---------- Records to process ----------
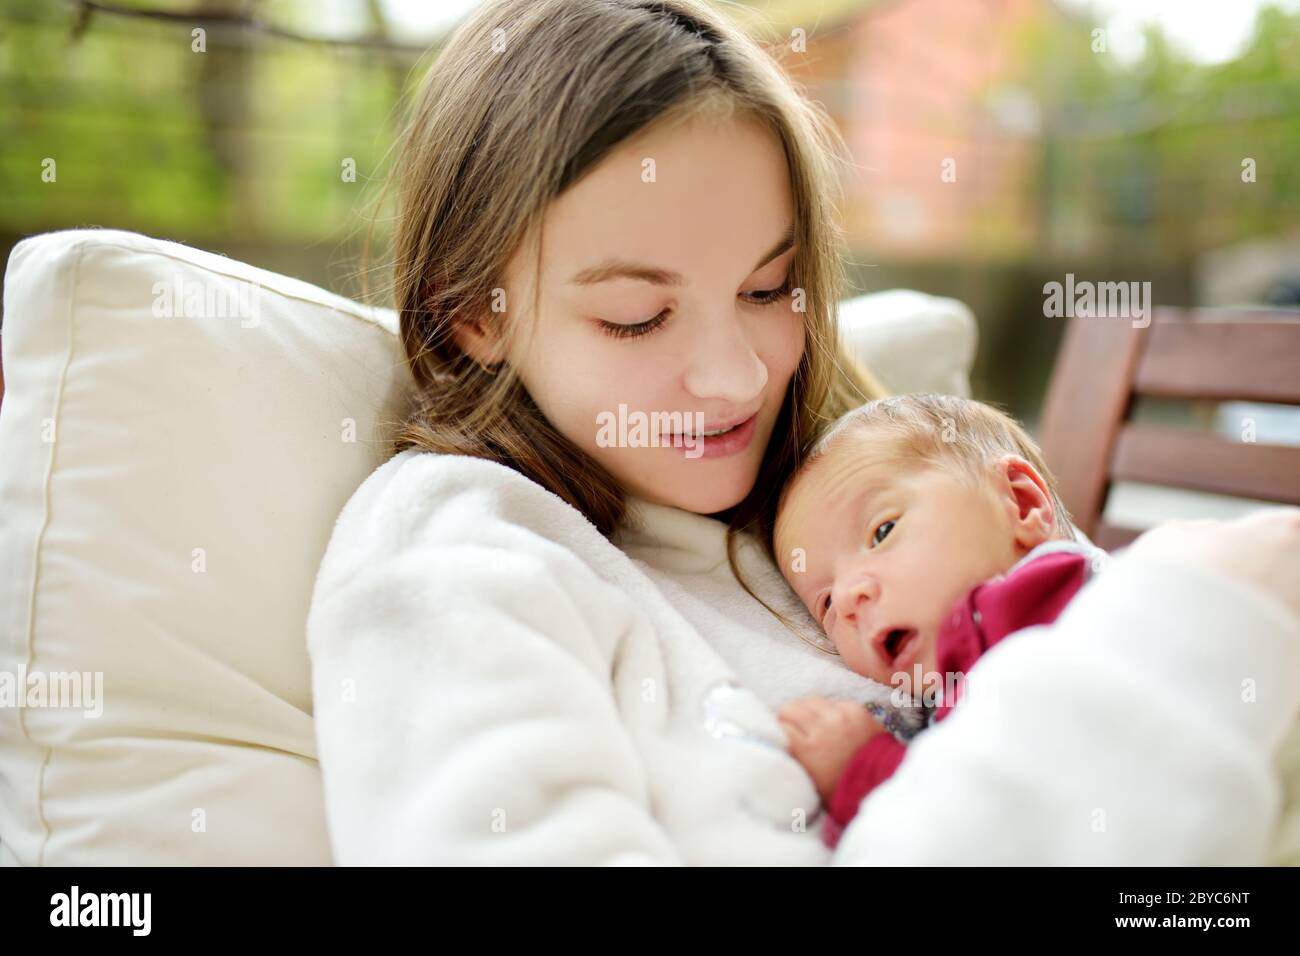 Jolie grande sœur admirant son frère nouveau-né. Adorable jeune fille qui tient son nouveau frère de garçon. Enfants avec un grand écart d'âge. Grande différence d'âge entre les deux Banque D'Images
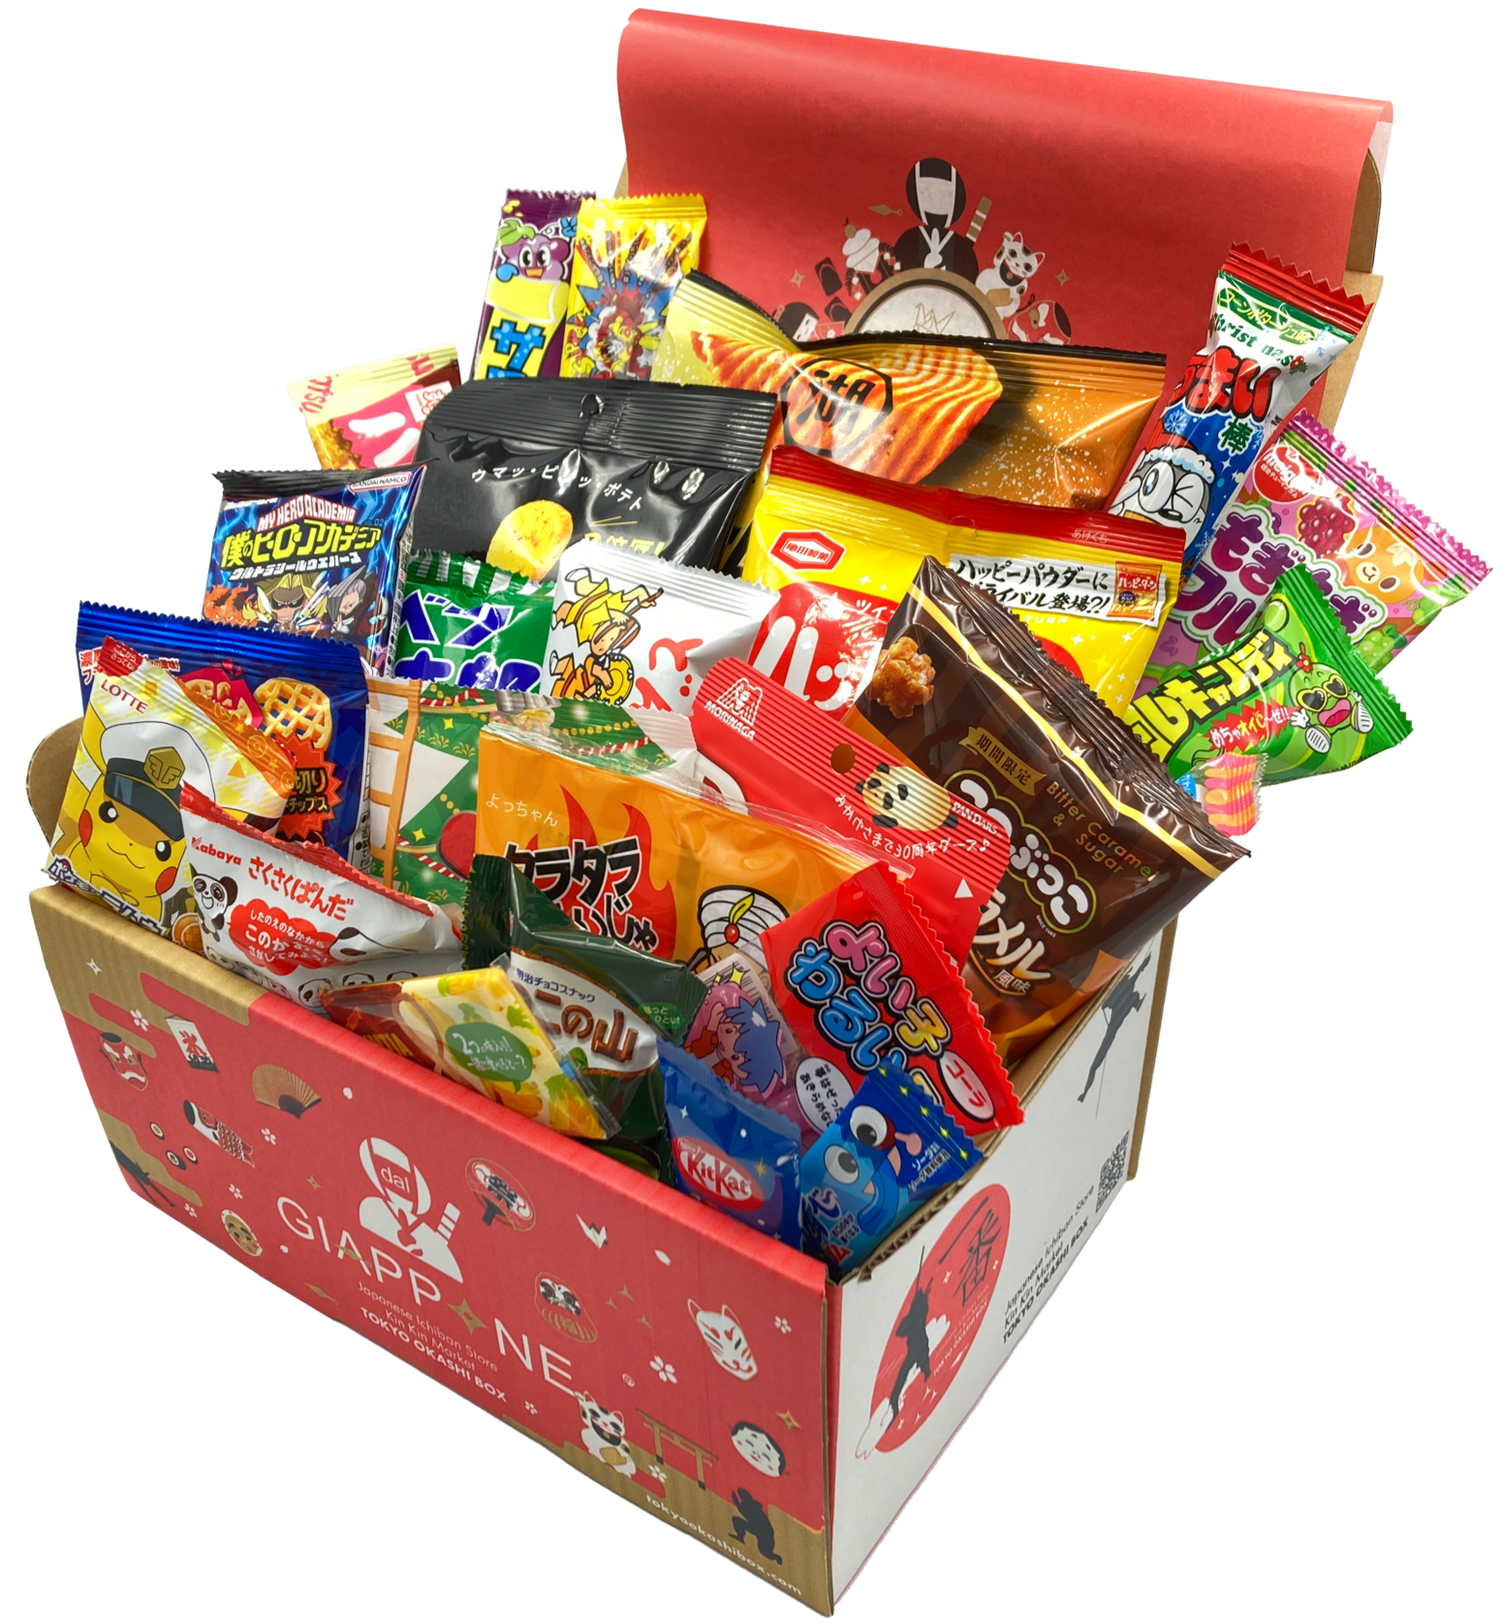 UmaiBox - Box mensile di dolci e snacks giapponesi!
----------
---------- Records to process ----------
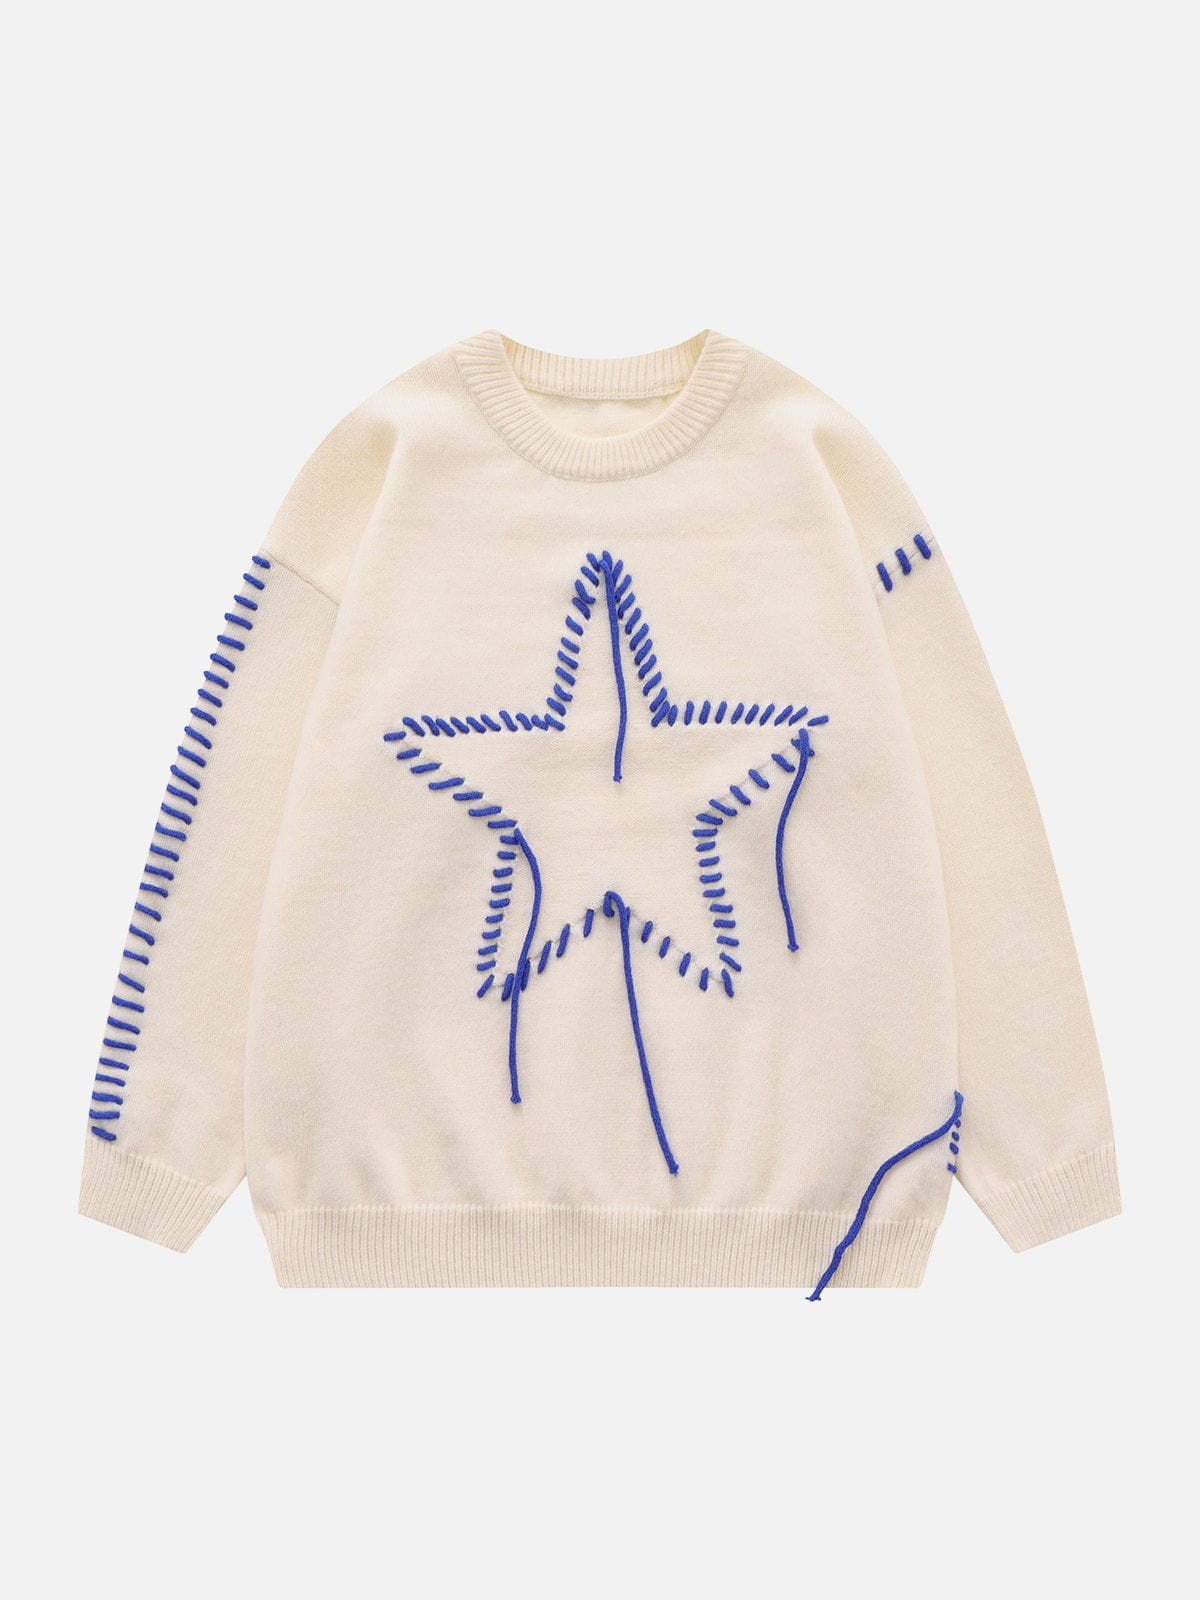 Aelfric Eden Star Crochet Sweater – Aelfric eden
----------
## Required work:
Starting with the line that contains "Jolie grande sœur" and finishing with the line that contains "UmaiBox - Box", reproduce every line of the material above exactly, but not the pictures.

## Result of the task:
 Jolie grande sœur admirant son frère nouveau-né. Adorable jeune fille qui tient son nouveau frère de garçon. Enfants avec un grand écart d'âge. Grande différence d'âge entre les deux Banque D'Images
 UmaiBox - Box mensile di dolci e snacks giapponesi!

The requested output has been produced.